За замыкающим, пятым трактором летели белые речные чайки, покинувшие оскудевшую Обь. Косо падая на крыло, они хватали червей с прикатанной после сеялок земли и взмывали вверх, посверкивая оперением. В этой последней машине сидел Степан, муж Евдокии, единственный в женском звене мужик, тракторист-наладчик. Даже сквозь расстояние, сквозь горящее под солнцем лобовое стекло внутренним зрением видела хмурое, отчужденное, небритое лицо мужа. Таким оно было всегда в последнее время, таким отложилось в памяти, и другим представить уже не могла. Словно за такого и замуж вышла много лет назад, за чужого и колючего.

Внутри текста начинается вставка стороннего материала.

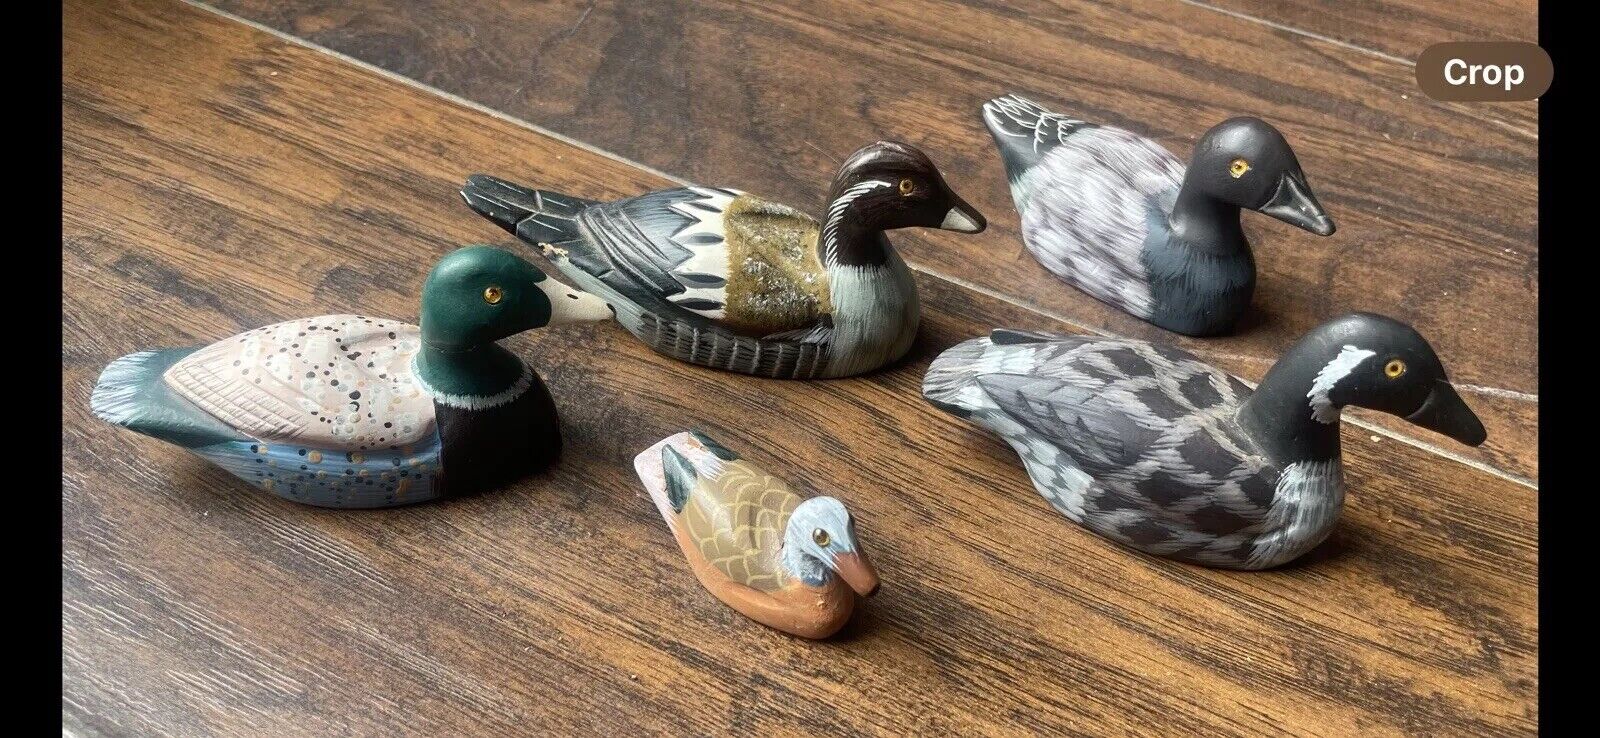 5 Pc Vintage Hand Painted Carved Wood Duck Mini Decoy Figures For Decor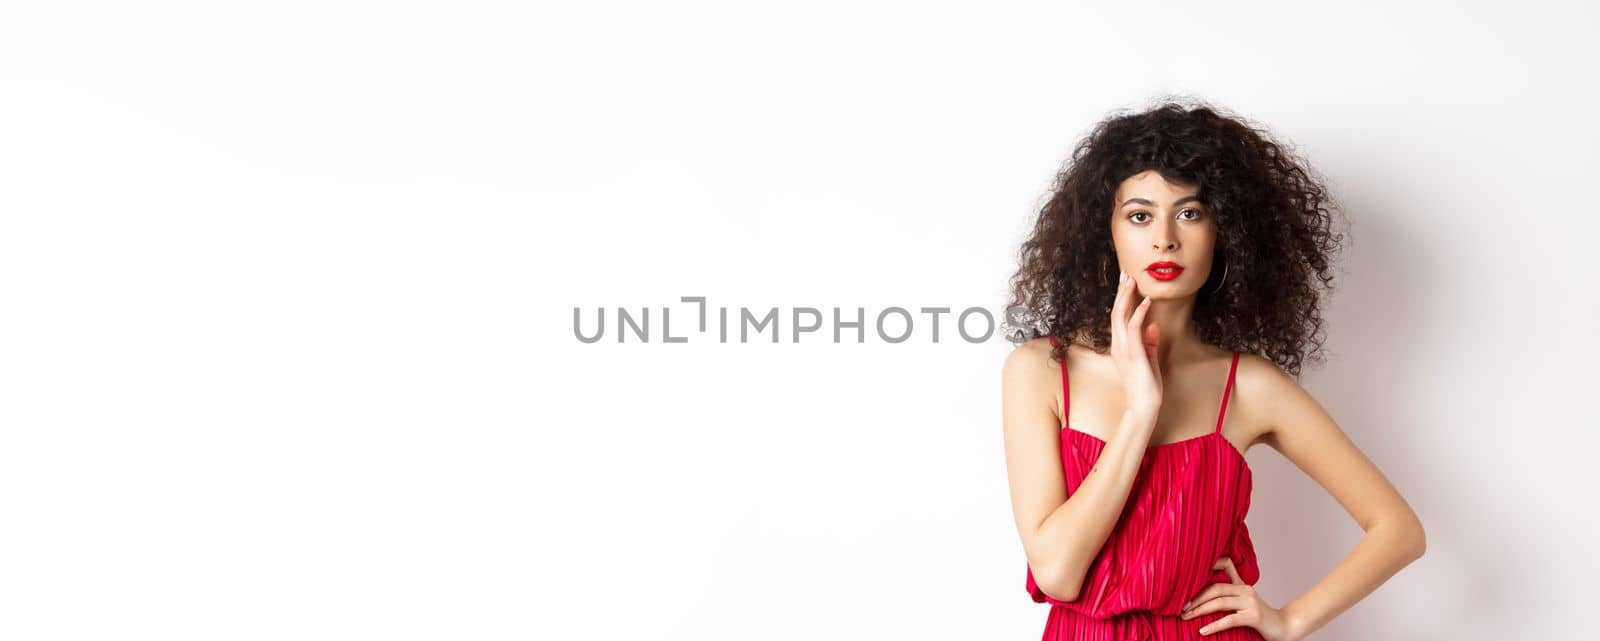 Beauty and fashion. Sensual female model with curly hair and red lips, wearing elegant dress, touching face and looking seductive, white background.

Евдокии вспомнились прошлые весны, когда кровь еще бродила в ней от весеннего обновления, и горько усмехнулась она над собой. Какие уж могут быть надежды в ее-то сорок девять? Жизнь, можно сказать, прожита, катятся ее годы по наезженной загонке к своему концу, и никуда ей не свернуть, ни в какую сторону, и никакого обновления ей не будет. Пускай радости идут к молодым бабам, им они нужнее, она же свое отрадовалась и отгоревала, с нее достаточно. Конечно, случались у нее и тяжелые дни, как у каждого человека. А разве мало было хорошего, что греет до сих пор? Были радости, были всякие: и личные, женские, и общественные. Правда, личные как-то незаметно угасли в ней, остались лишь общественные. Конечно, широкая известность в крае приятна и даже необходима. Евдокия привыкла, что и на своем колхозном собрании и на разных совещаниях и слетах передовиков в городе она всегда сидит в президиуме. Портреты и хвалебные статьи в газетах тешат самолюбие: чувствуешь свою значимость. Но это однобокие радости, как тепло зимнего костра. Но у костра-то можно повернуться и другой бок погреть, а здесь не повернешься, и уж коли тянет холодком со спины, то и будет тянуть, примораживать. Так уж случилось: давно в разладе она с мужем. Одно у нее утешение осталось — дочь. До Юльки дважды рождались дети, тоже девочки, но не доживали и до месяца. Ох, как боялись Евдокия со Степаном, что останутся одни! Как надеялись и ждали сына или дочь — все равно кого. А когда уж перестали надеяться, появилась наконец Юлька, долгожданный, поздний, а потому особенно любимый ребенок. Берегла ее Евдокия пуще глаза, все-то годы переживала за дочь, ночей не спала, когда Юлька болела. А теперь вот Юлька выросла и на отца чаще поглядывает, на его стороне стоит, больно ранит материнское сердце. Эх, Юлька…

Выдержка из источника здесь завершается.